Task statement: Begin at the line below that has "5 Bedroom Villa". Stop after the line that has "Une volontaire prépare", repeating each line exactly and leaving out the pictures.

---------- The data ----------

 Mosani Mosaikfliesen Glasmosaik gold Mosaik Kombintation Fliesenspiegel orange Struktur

----------
---------- The data ----------

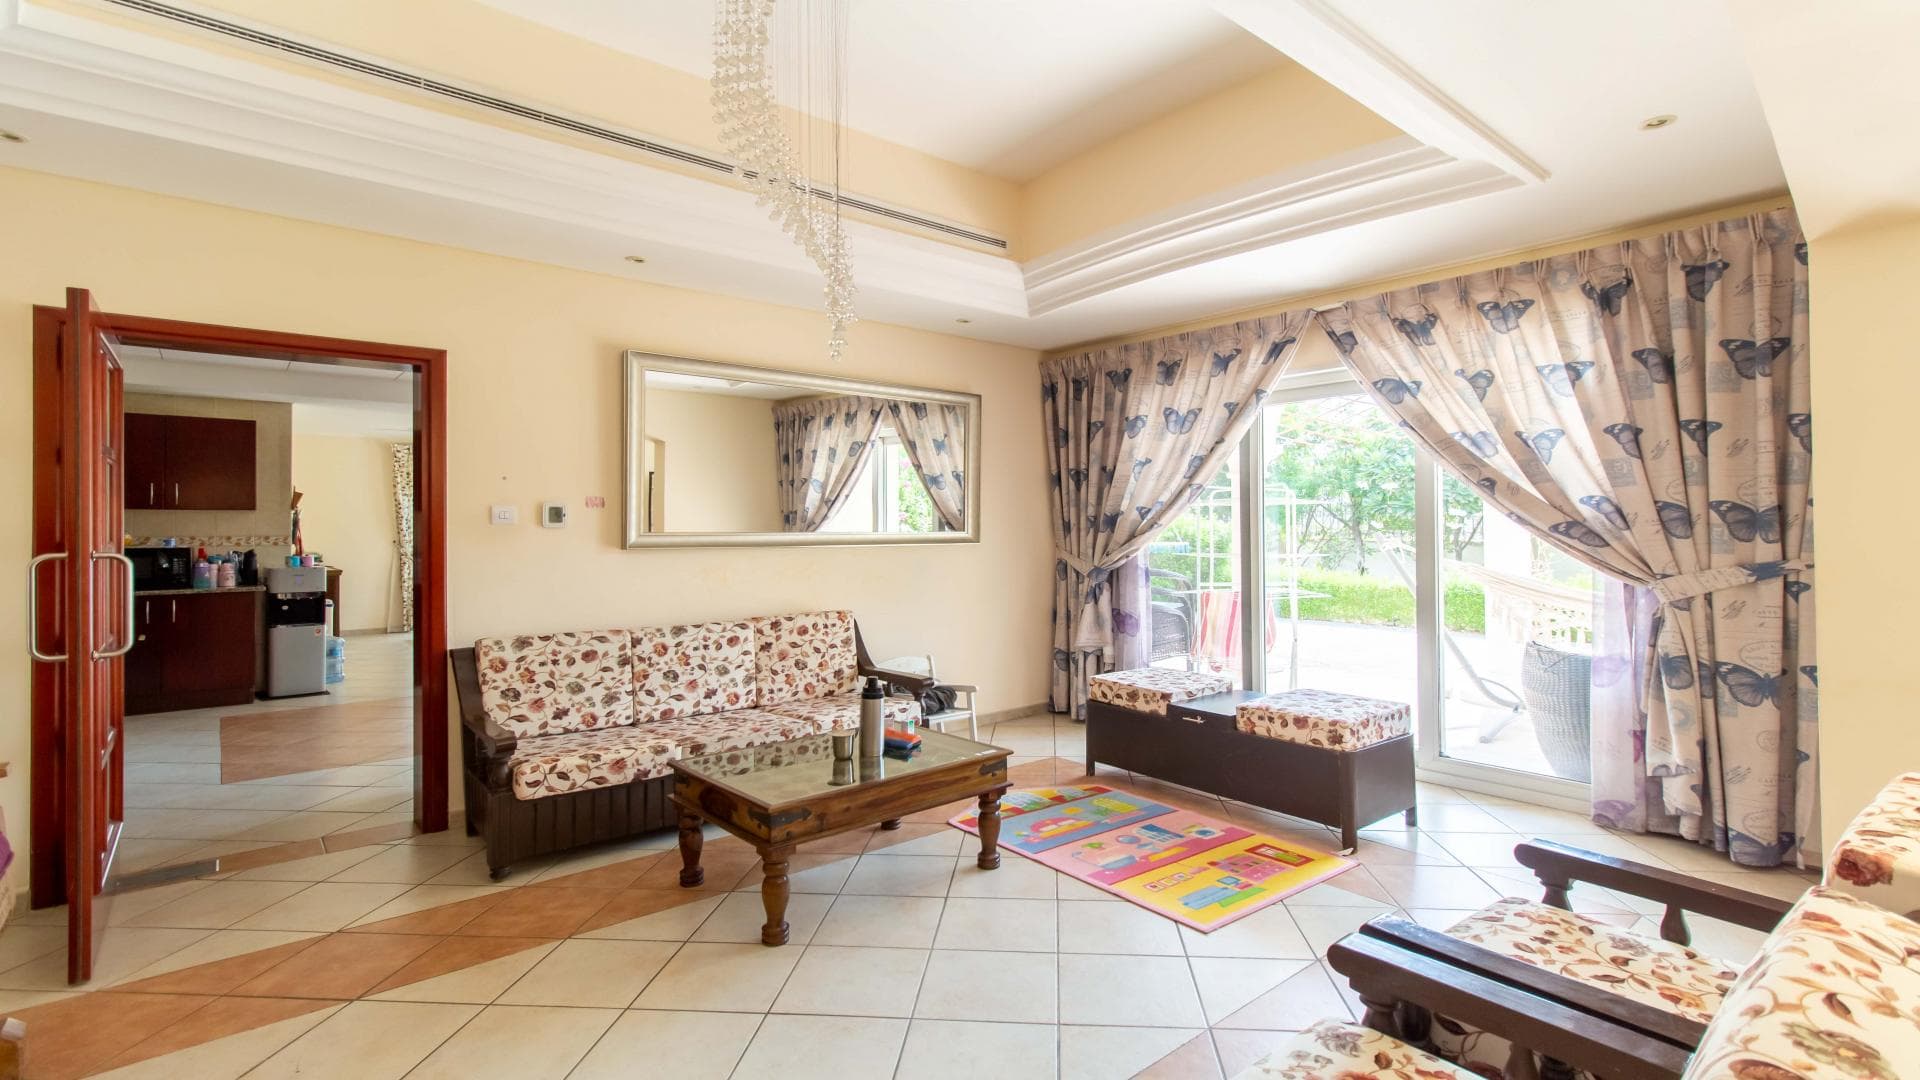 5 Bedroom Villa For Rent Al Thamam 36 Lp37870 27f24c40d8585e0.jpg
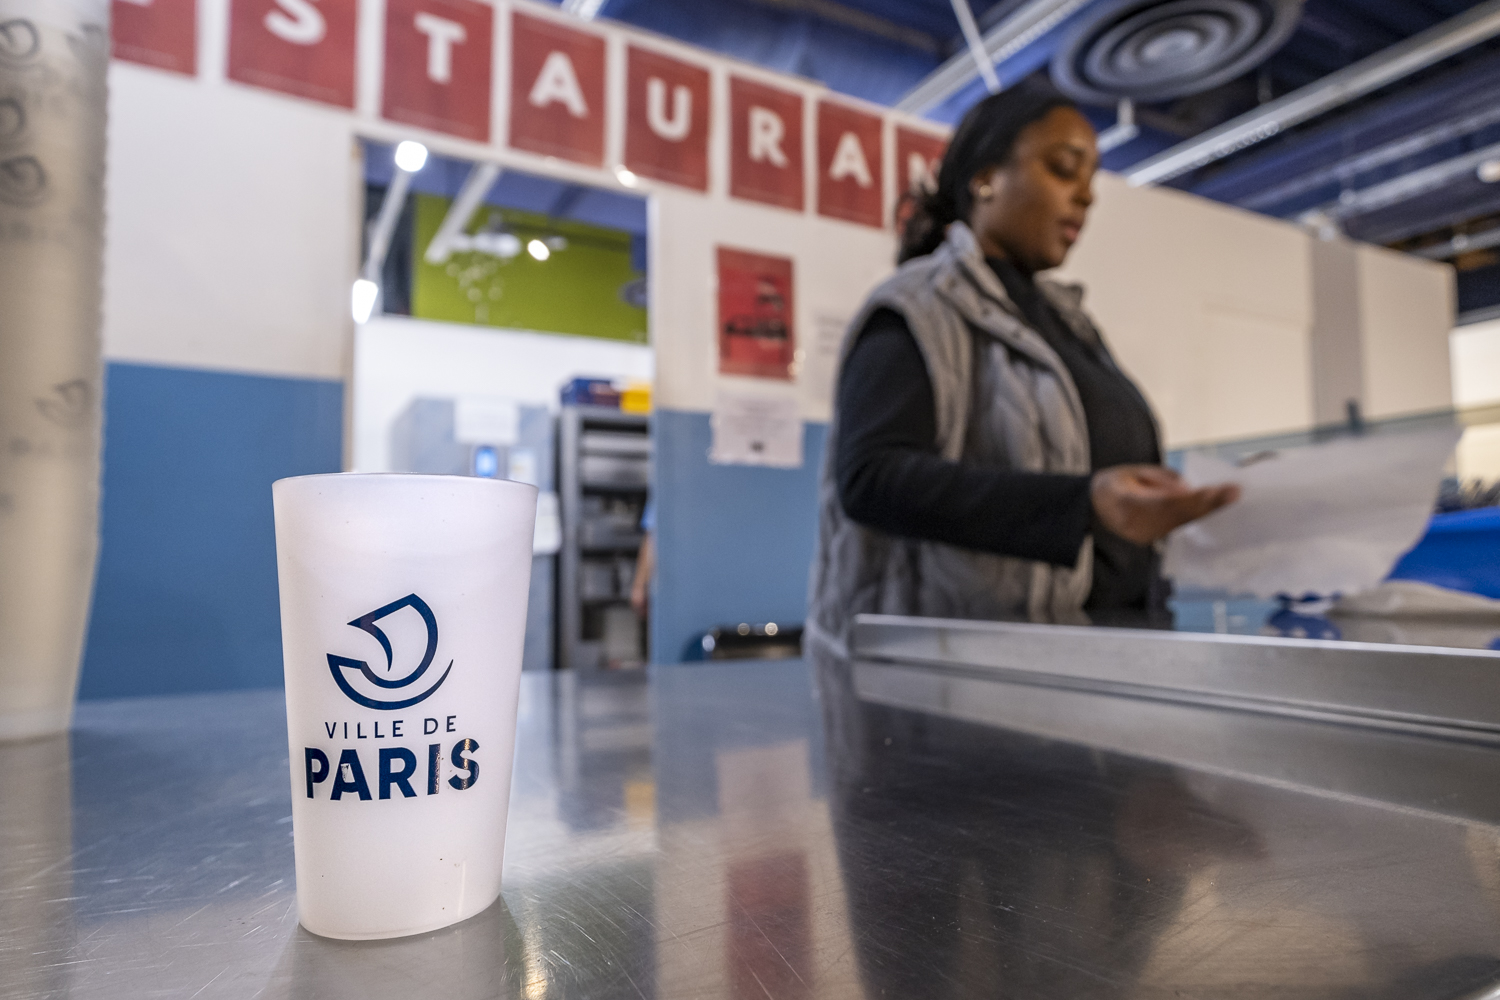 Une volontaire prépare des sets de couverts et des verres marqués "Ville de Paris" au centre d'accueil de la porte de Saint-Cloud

----------
---------- The data ----------

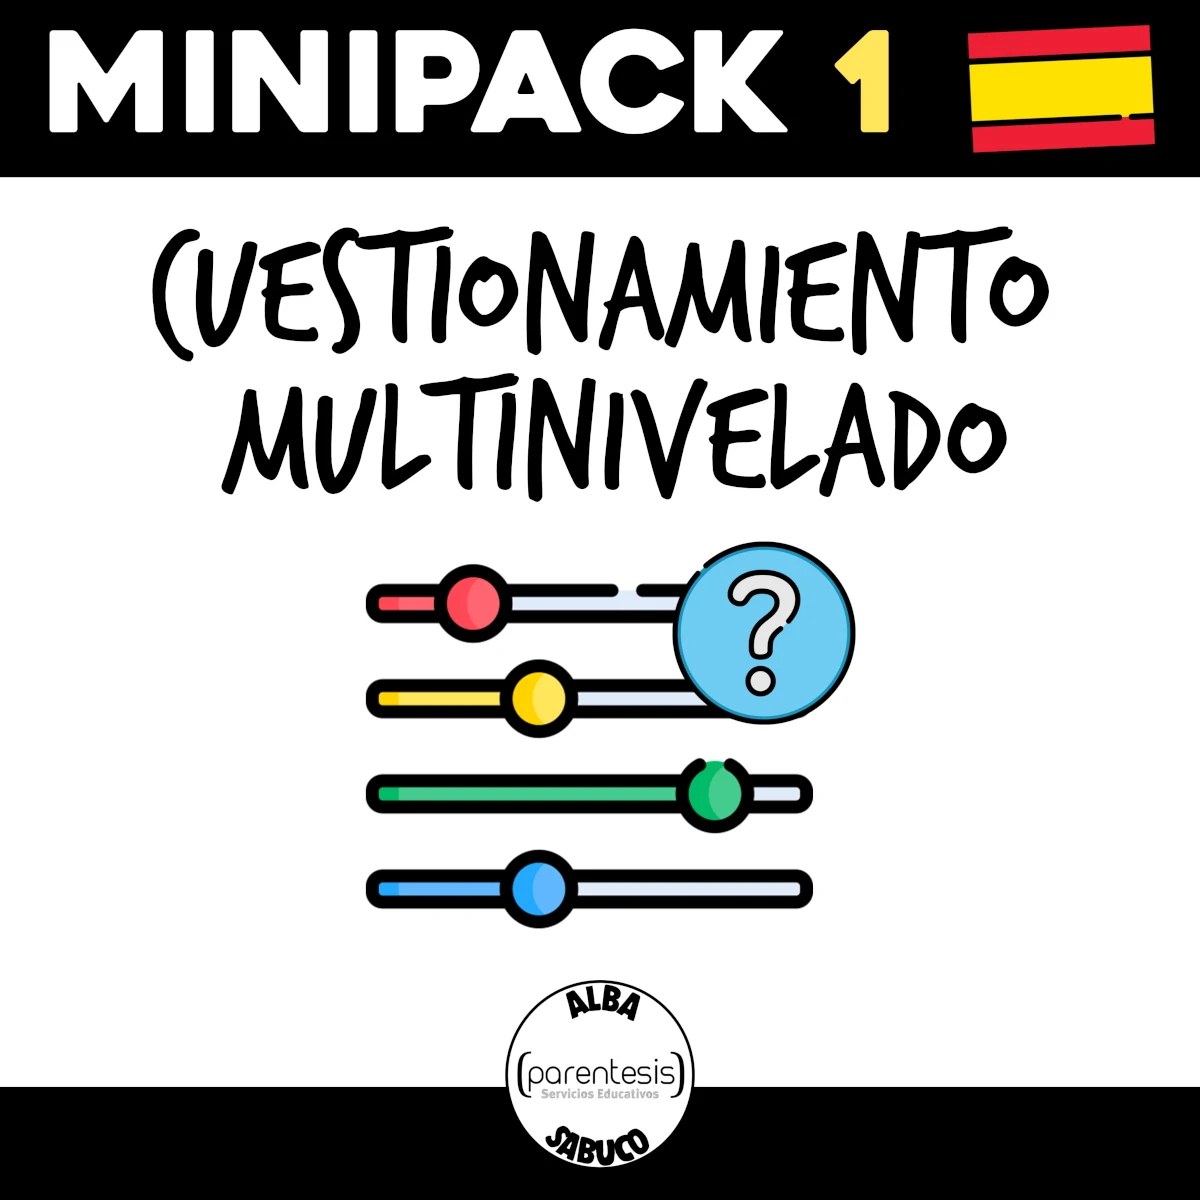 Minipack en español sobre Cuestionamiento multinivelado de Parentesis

----------

Output below:
 5 Bedroom Villa For Rent Al Thamam 36 Lp37870 27f24c40d8585e0.jpg
 Une volontaire prépare des sets de couverts et des verres marqués "Ville de Paris" au centre d'accueil de la porte de Saint-Cloud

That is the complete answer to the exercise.